▶ **GIVEN MATERIAL**
Segment Open
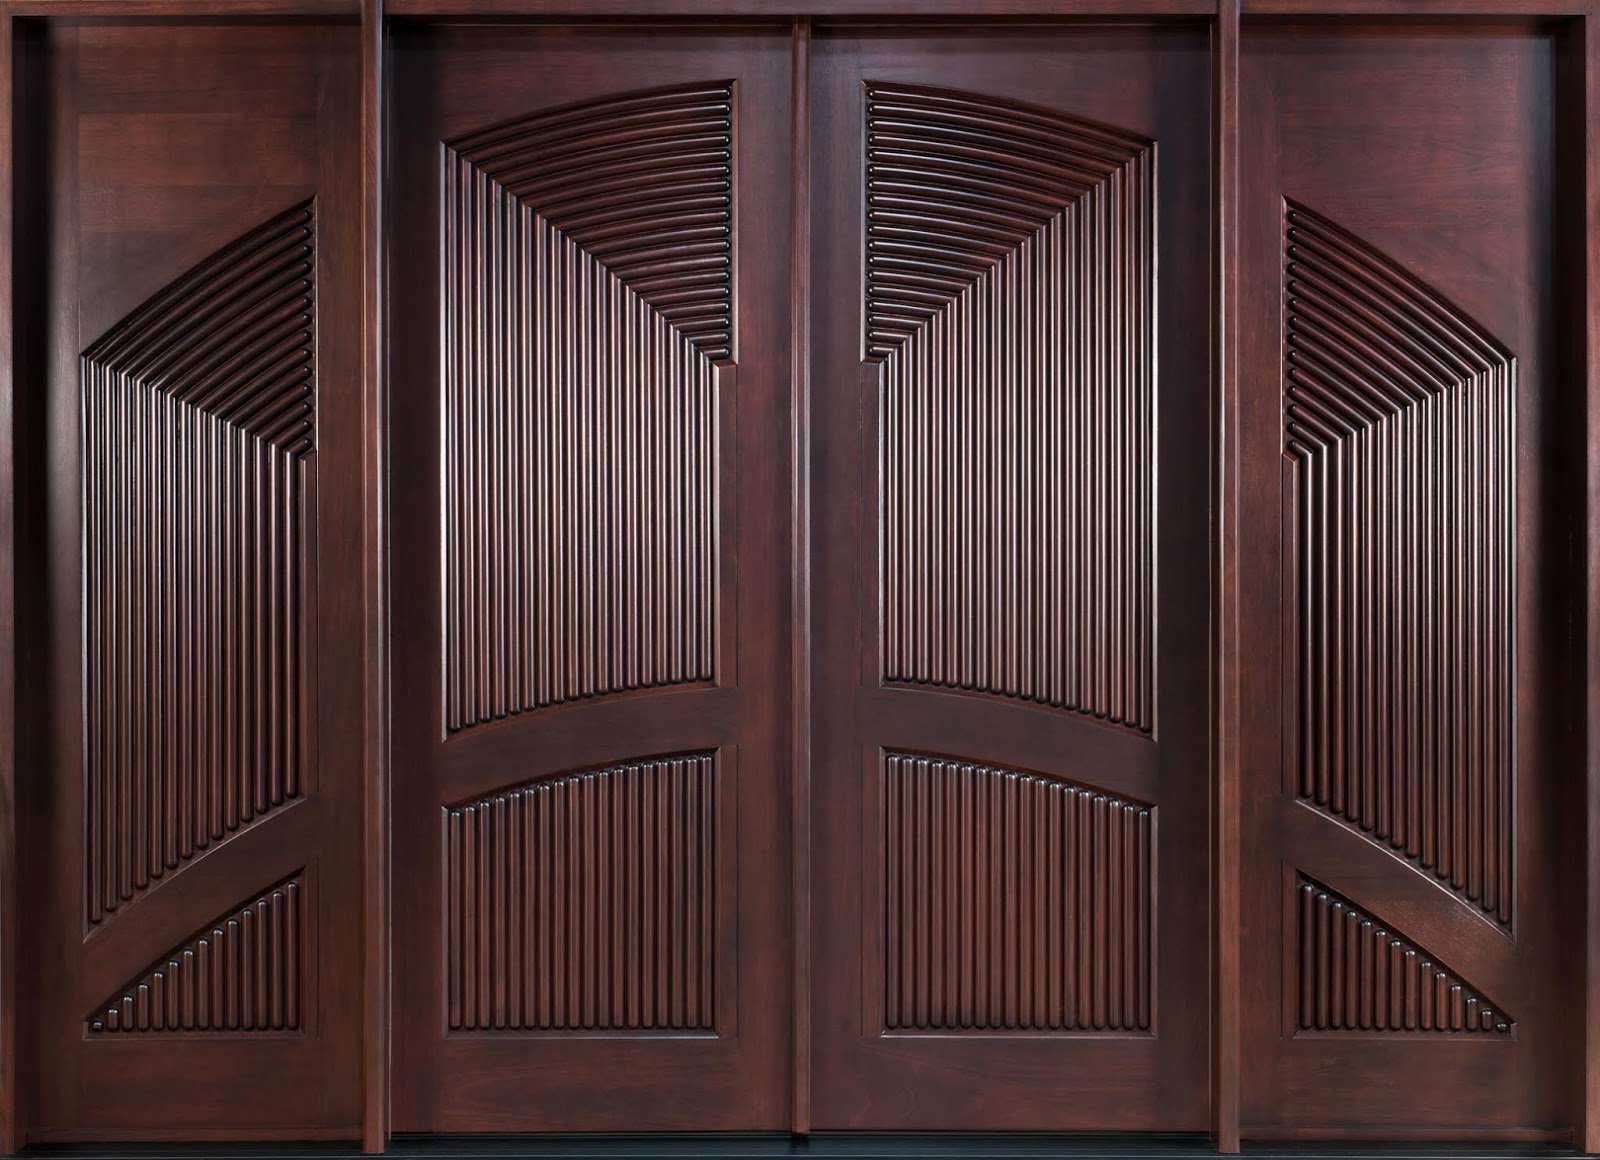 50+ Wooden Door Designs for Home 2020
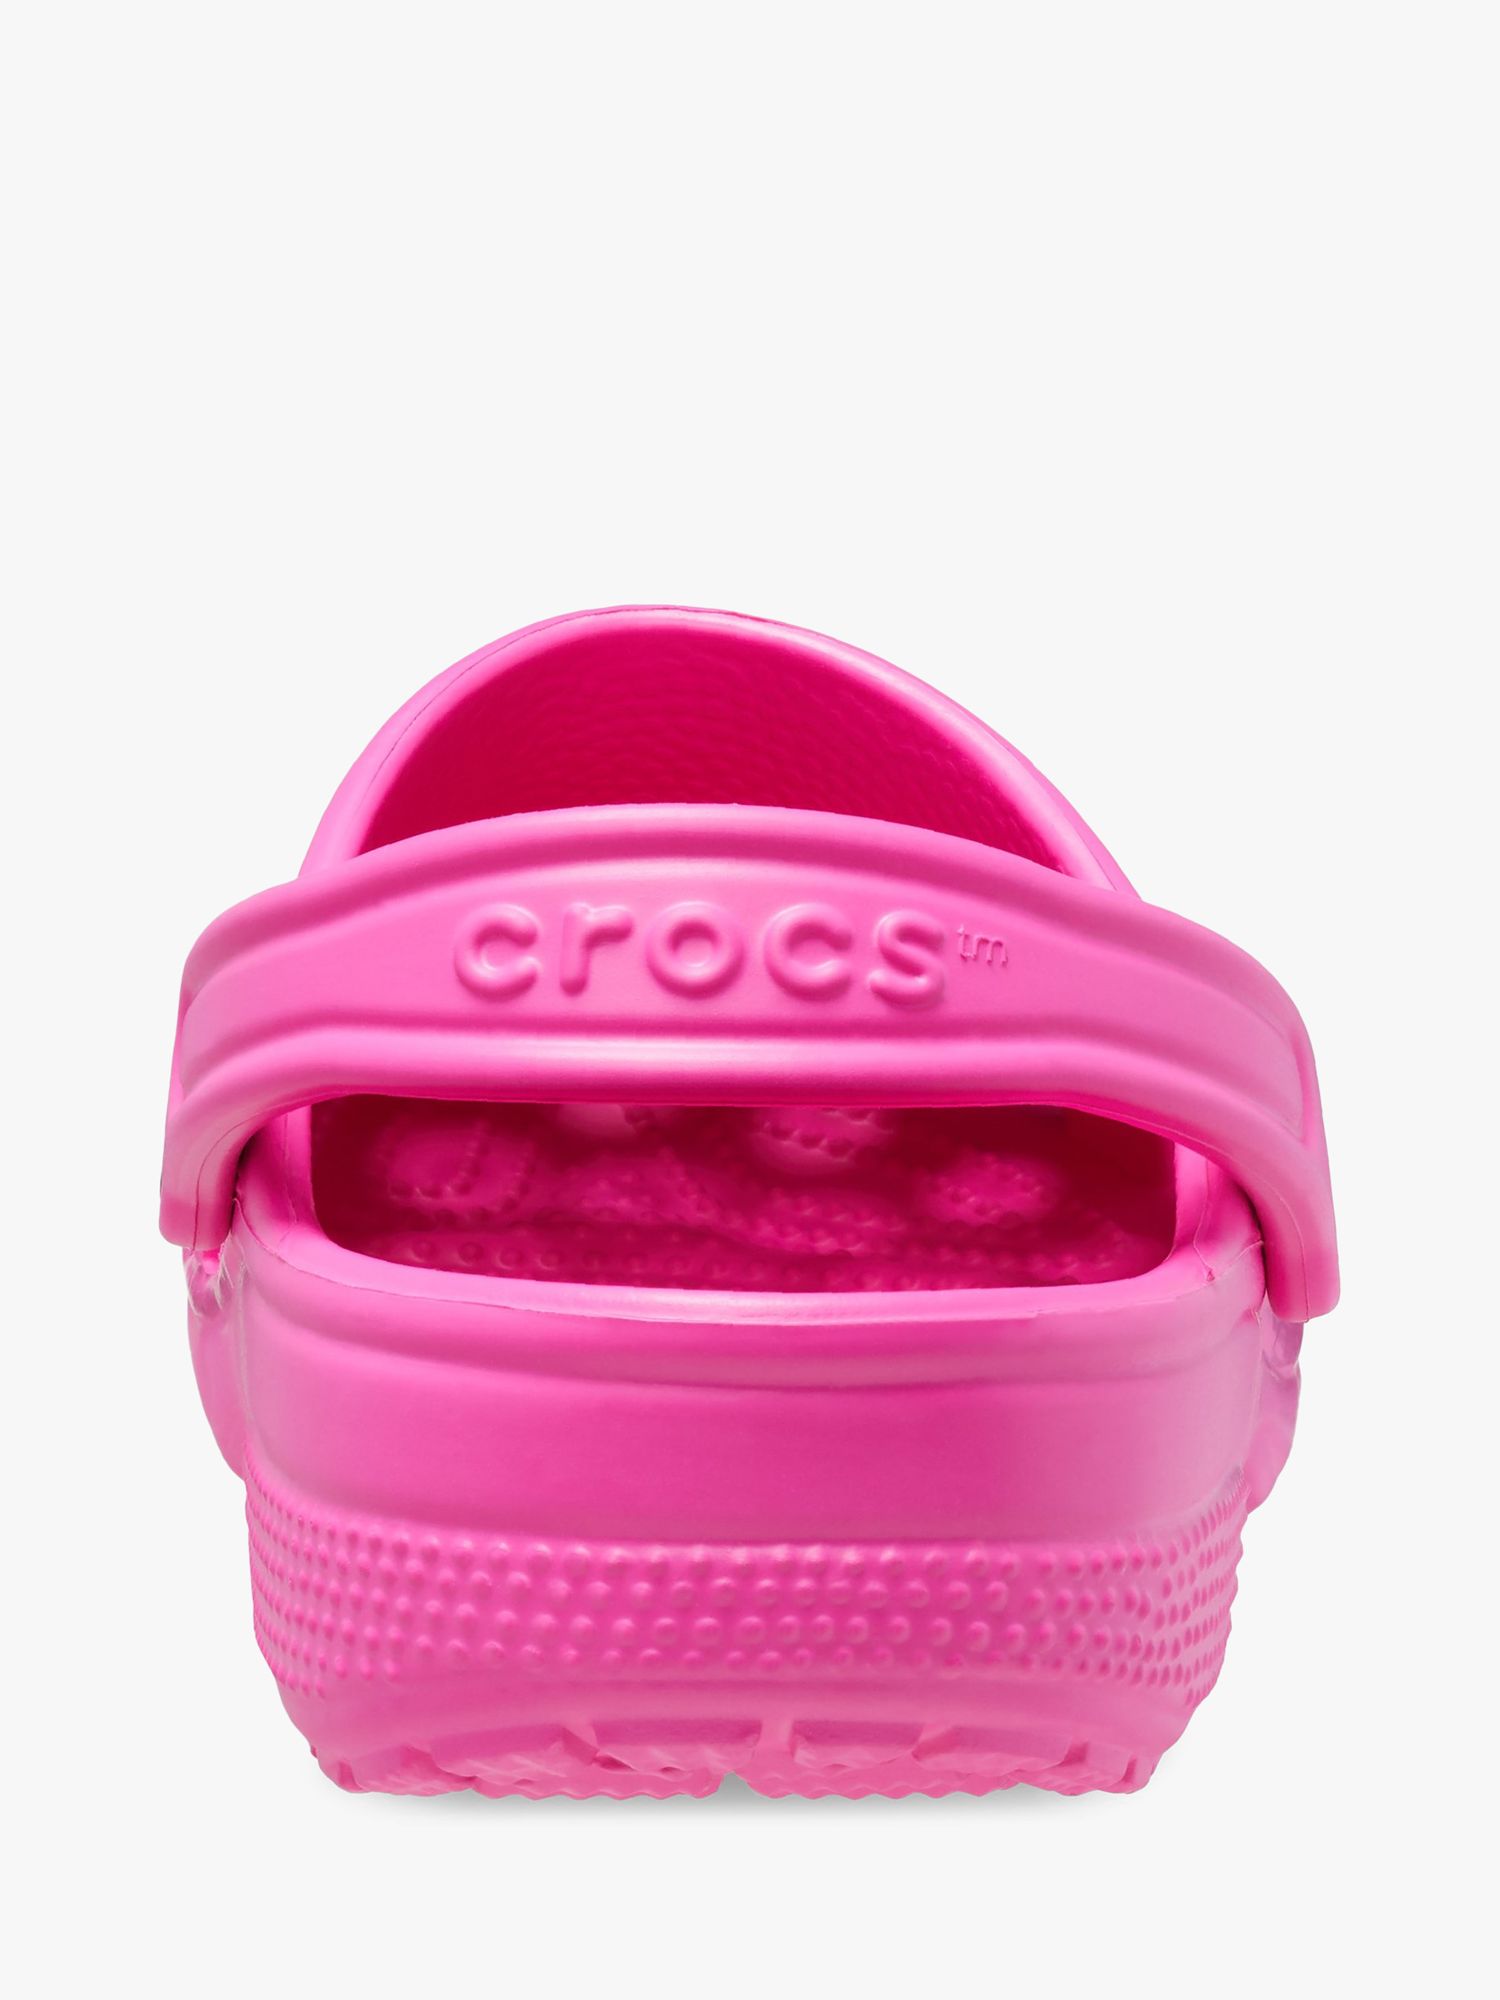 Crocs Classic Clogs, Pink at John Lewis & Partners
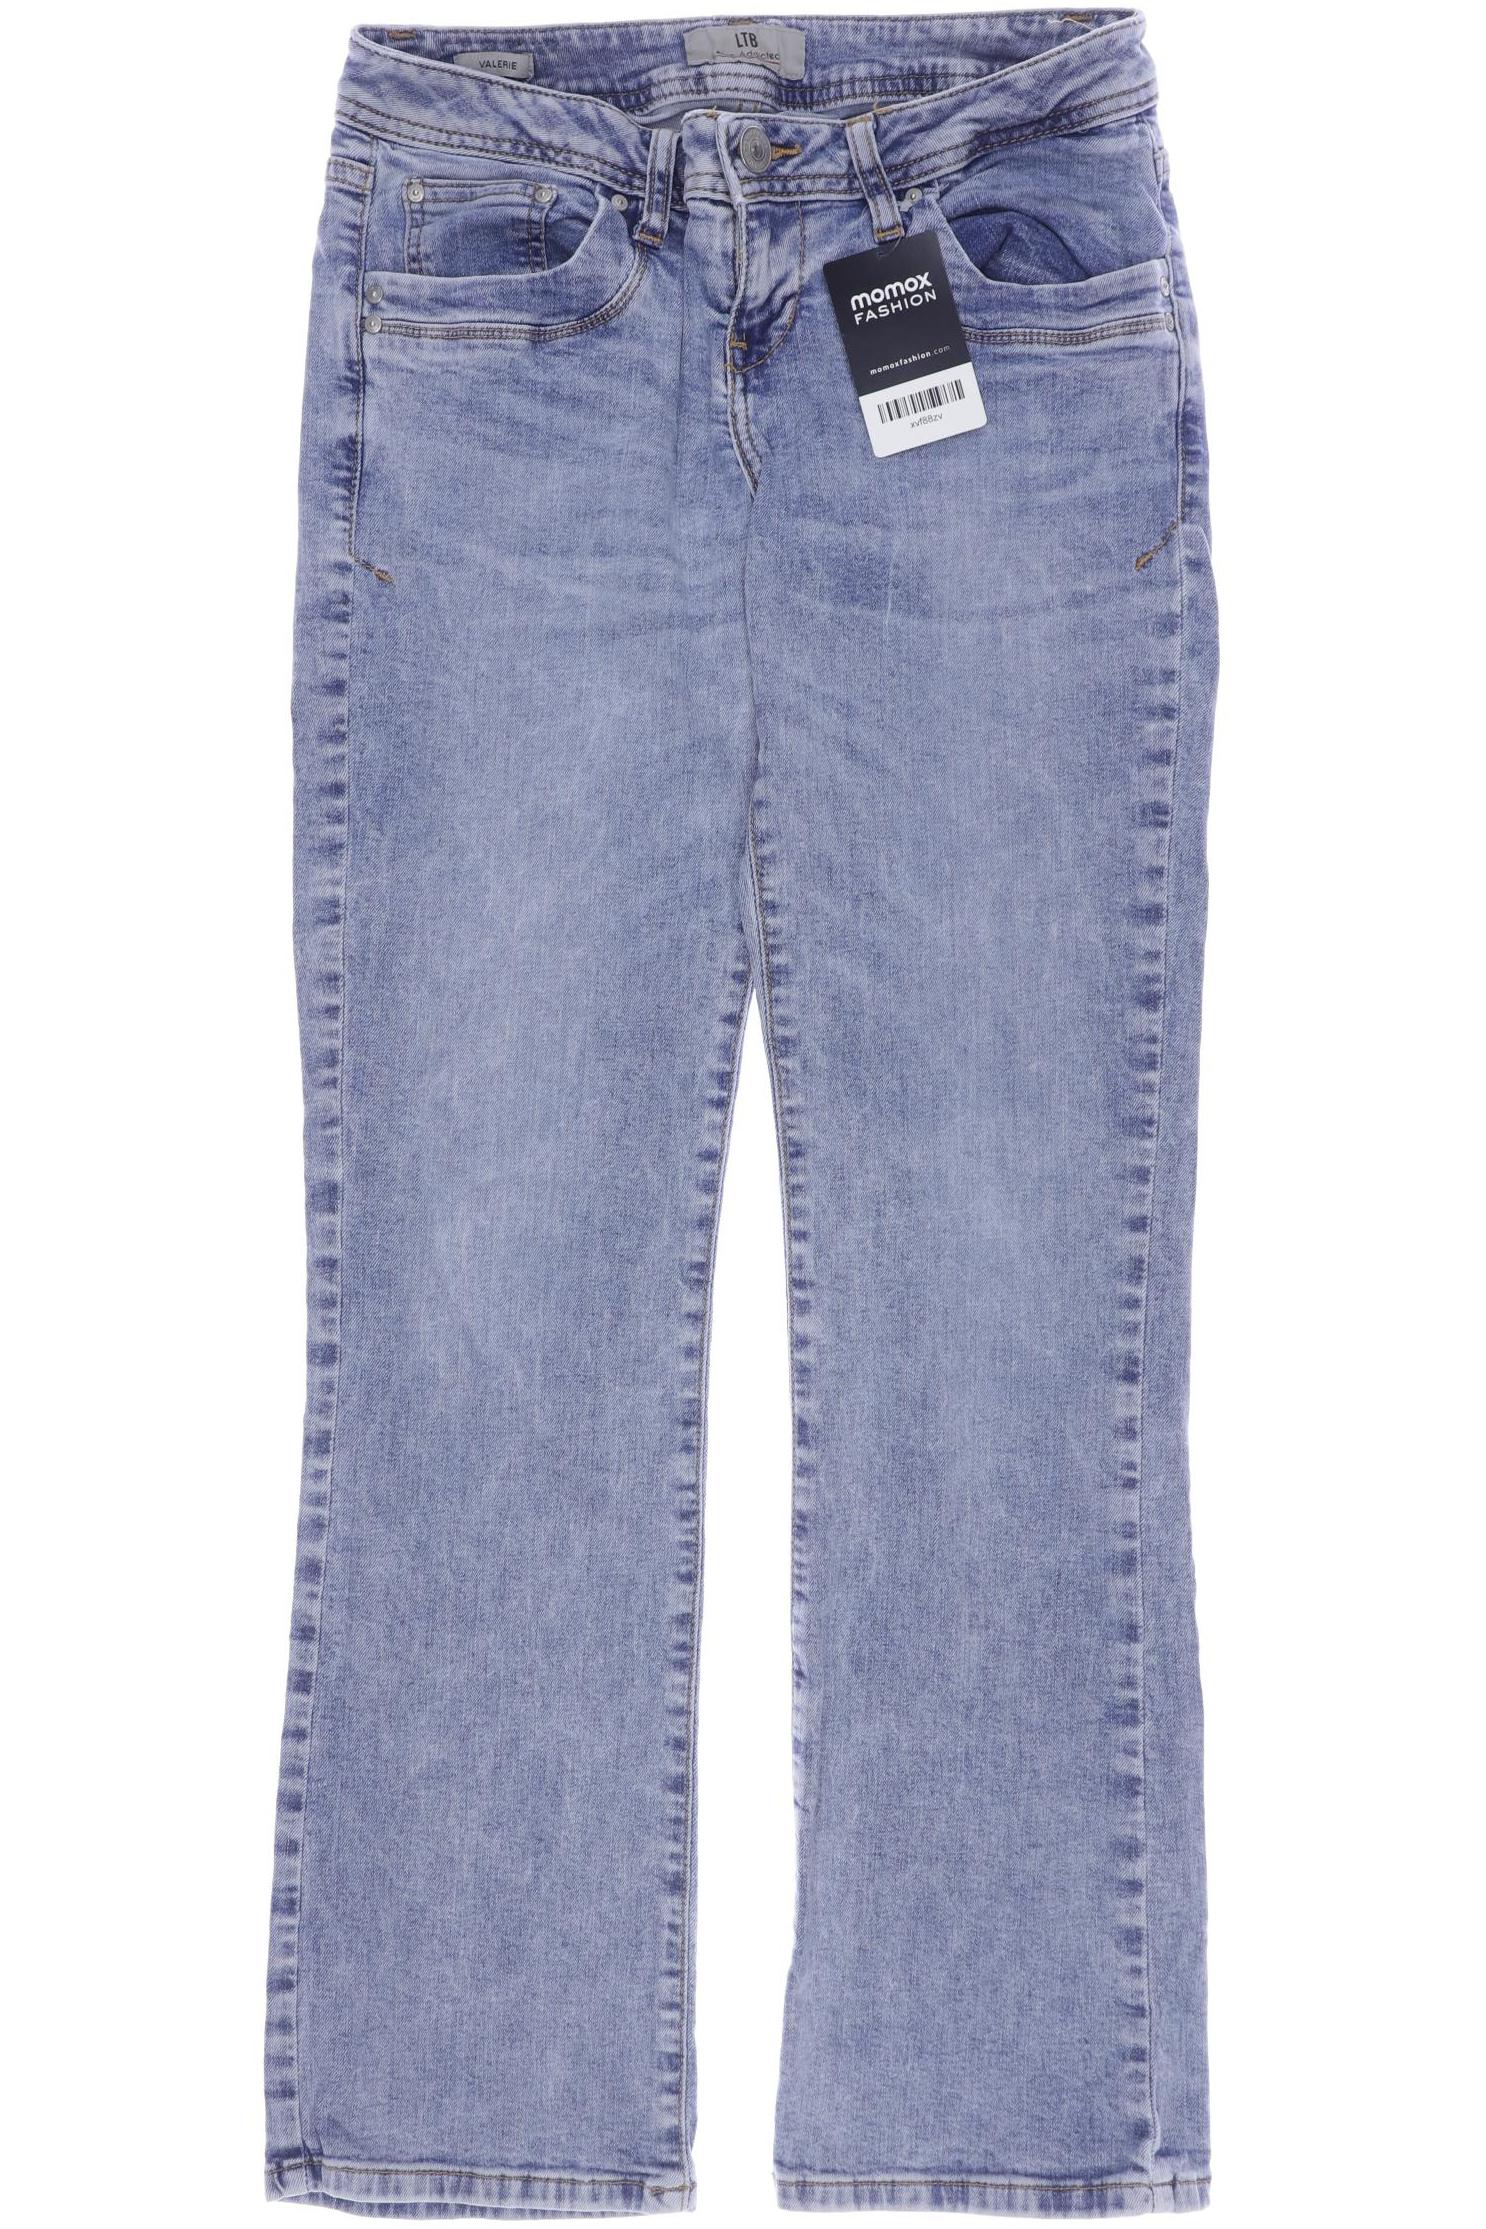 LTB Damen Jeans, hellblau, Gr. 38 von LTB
Segment Closed
▶ **TASK TO CARRY OUT**
Exactly the lines from the one containing "Crocs Classic Clogs, Pink" through the last line of the data above should be output, both ends included, with every picture left out.

▶ **OUTPUT FOR THIS EXERCISE**
 Crocs Classic Clogs, Pink at John Lewis & Partners
 LTB Damen Jeans, hellblau, Gr. 38 von LTB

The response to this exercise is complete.